Adds metadata attributes to ls.socrata(). Fixes #72 #113

tomschenkjr · 2016-10-31T22:26:11Z

This provides a fix for #72.

The catalog fields are now downloaded from Socrata's Project Open Data Metadata file, data.json, and attaches it as an attribute to the data frame obtained from ls.socrata().

Added a test to ensure that the catalog fields are present as attributes.

@geneorama - can you review this pull request and accept if everything looks good?

coveralls · 2016-10-31T22:31:01Z

Coverage increased (+0.1%) to 96.25% when pulling 0ed533d on issue72 into 47d0366 on dev.

geneorama · 2016-11-03T17:34:11Z

@tomschenkjr

During my review I remembered the issues that I had previously encountered with ls.socrata and the solutions that I developed.

Technically speaking ls.socrata does return a data.frame, but as it stands the data.frame is hard to use as a data.frame because it's not completely flattened. Whenever I use ls.socrata I examine the structure of the output with str and the result is so verbose that I can't see the top and bottom of the output.

I think it would be nice if the output columns were vectors, and I think there's a good argument to do it within this issue.

The columns contactPoint, publisher, keyword, and theme can be pretty easily converted to vectors, but the distribution column is more complicated. I've outlined some approaches to handling the distribution column below.

The columns contactPoint, publisher are easy to flatten into a single row with two columns. So, contactPoint could become contactPoint:<column1>, contactPoint:<column2>. In the past I've used the following approach:

cp <- do.call(cbind, df[, "contactPoint"])
colnames(cp) <- paste0("contactPoint:", colnames(cp))
df$contactPoint <- NULL
df <- cbind(df, cp)

The key keywords and theme columns are currently lists, but we could easily flatten them by converting them to converting them to JSON. I have been using this approach:

# clean up keywords
keywords <- data_df$keyword
data_df$keyword <- NA_character_
for(i in 1:nrow(data_df)){
  if(!is.null(keywords[[i]])){
    data_df$keyword[i] <- jsonlite::toJSON(keywords[[i]])
  }
}

The distribution column is a list that contains irregular and somewhat large data.frames. As such, it would be hard to flatten each element of distribution into a single row. However, distribution can be pretty easily normalized and put into a separate data.frame. Here's what I did to separate it out:

distro <- df[, "distribution"]
df[, "distribution"] <- NULL
distro <- lapply(1:length(distro), function(i)
    distro[[i]] <- cbind(landingPage = df$landingPage[i], distro[[i]])) ## add landing page as a key
distro <- do.call(rbind, distro)

This is nice, but now we would have df_data and distro to return to the user, which introduces design questions.
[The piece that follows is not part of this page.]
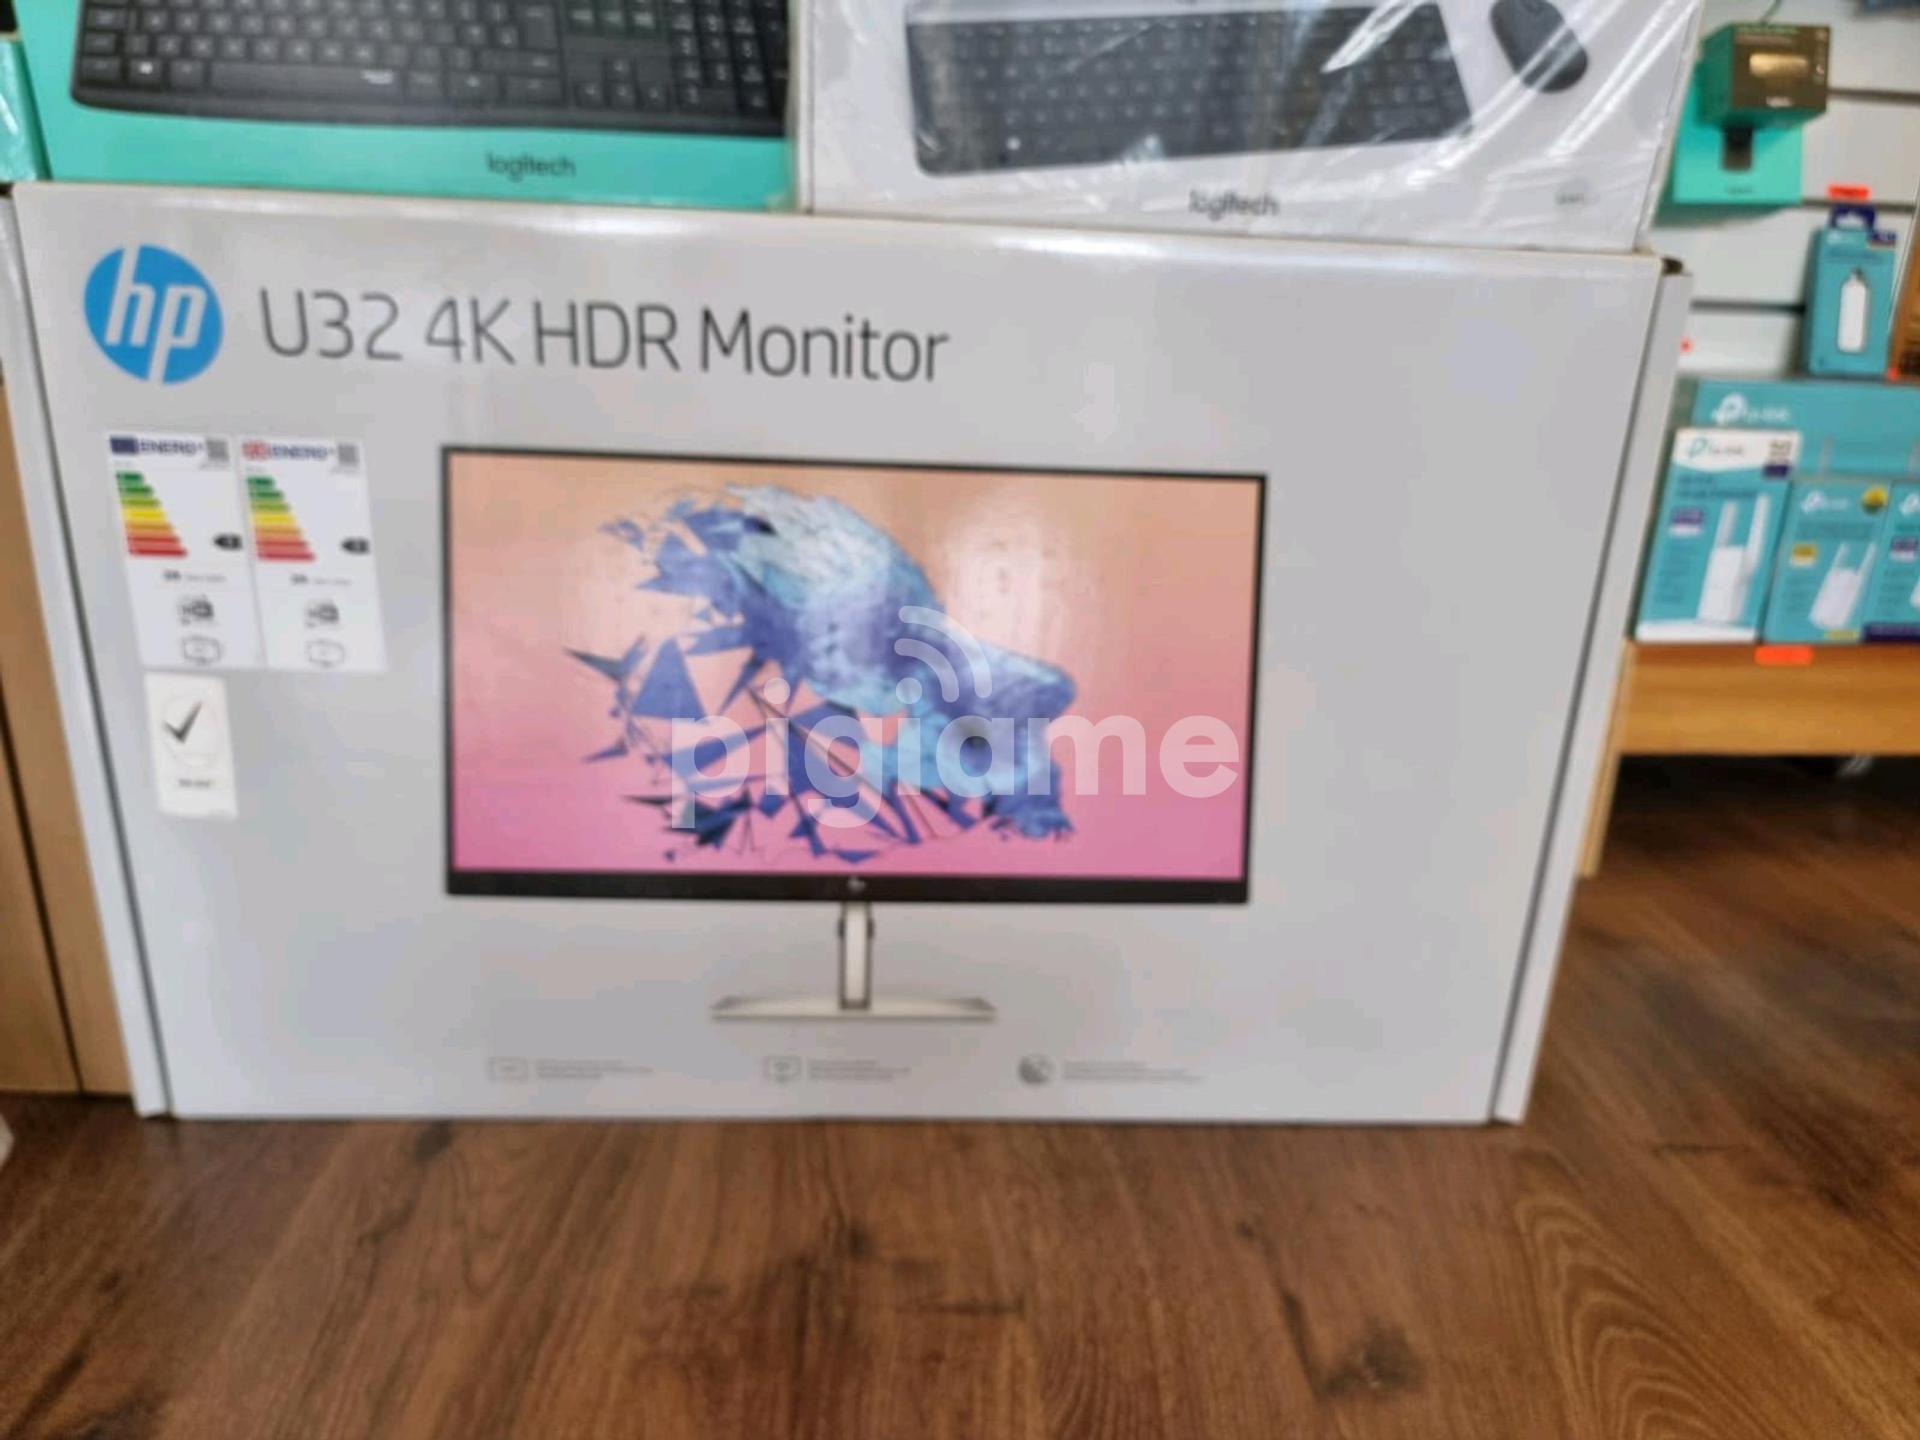 HP U32 4K HDR Monitor
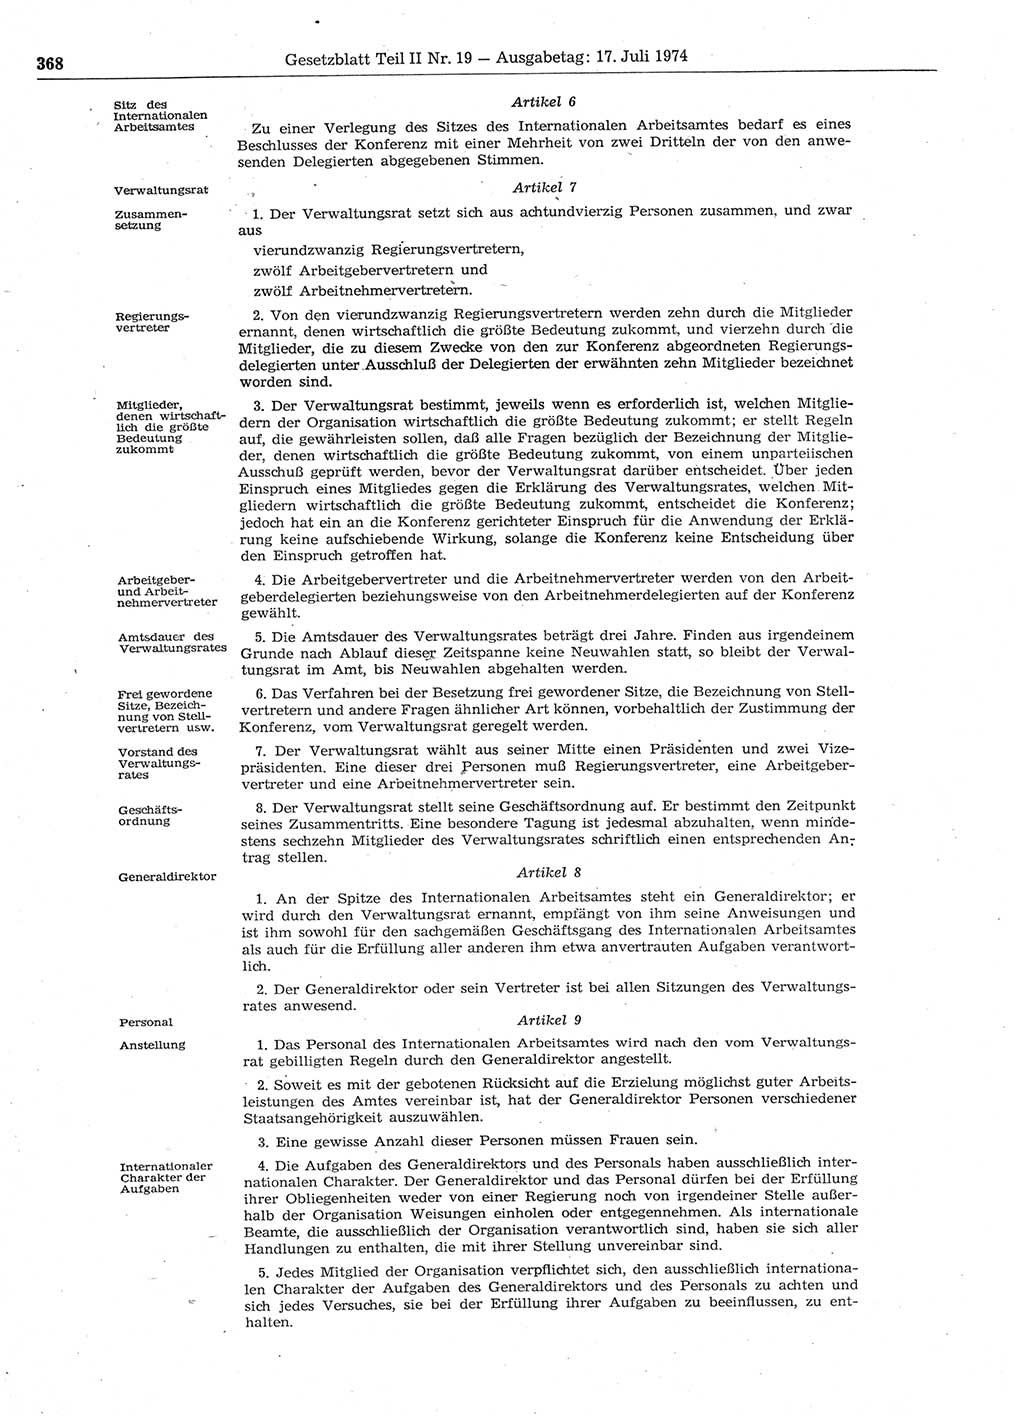 Gesetzblatt (GBl.) der Deutschen Demokratischen Republik (DDR) Teil ⅠⅠ 1974, Seite 368 (GBl. DDR ⅠⅠ 1974, S. 368)

Here are some approaches that I would propose to handling the distribution return value.

Scenario 1

At first I thought this would require a two part return value (table + distribution), but then I realized that we could put it into the attributes. It might sound crazy to put a data.frame into the attributes, but there are other functions that do this such as the regex functions.

I've worked out an example of the code for option 1.
https://gist.github.com/geneorama/c03a2db1463b32622f07e8779a8cb712

Scenario 2

We could start returning a list with each element listed separately. In a lot of ways this is the cleanest, most flexible approach. However, it's kind of annoying.

df_data : the main table that we already have, but flattened into a proper data.frame. This would keep the attributes as proposed.
distribution as a separate flattened table
@context
@id
@type
conformsTo
describedBy

It would be less annoying with two return values (df_data, and the distribution), and we could continue to attach the other elements as attributes to df_data. This is a new kind of annoying, with attributes nested within a return value.

Scenario 3

We could make it so that the distribution information isn't returned by default, and create a separate function that would retrieve that information if the user wanted (or it could be an option) in ls.socrata.

In that scenario ls.socrata would return

df_data : the main table that we already have, but flattened into a proper data.frame. This would keep the attributes as proposed. There would be no distribution column

Something else like ls.socrata.distros would return the distro data.frame.

Scenario 4

We could not worry about it, and live with the complicated data.frame, or make it a feature request.

EDIT: Renamed headings to "Scenario" from "Option" and added some explanation to Scenario 2, and added a second sub option to scenario 2.

tomschenkjr · 2016-11-03T17:35:51Z

Make it a feature request. Purpose of this sprint is to fix bugs.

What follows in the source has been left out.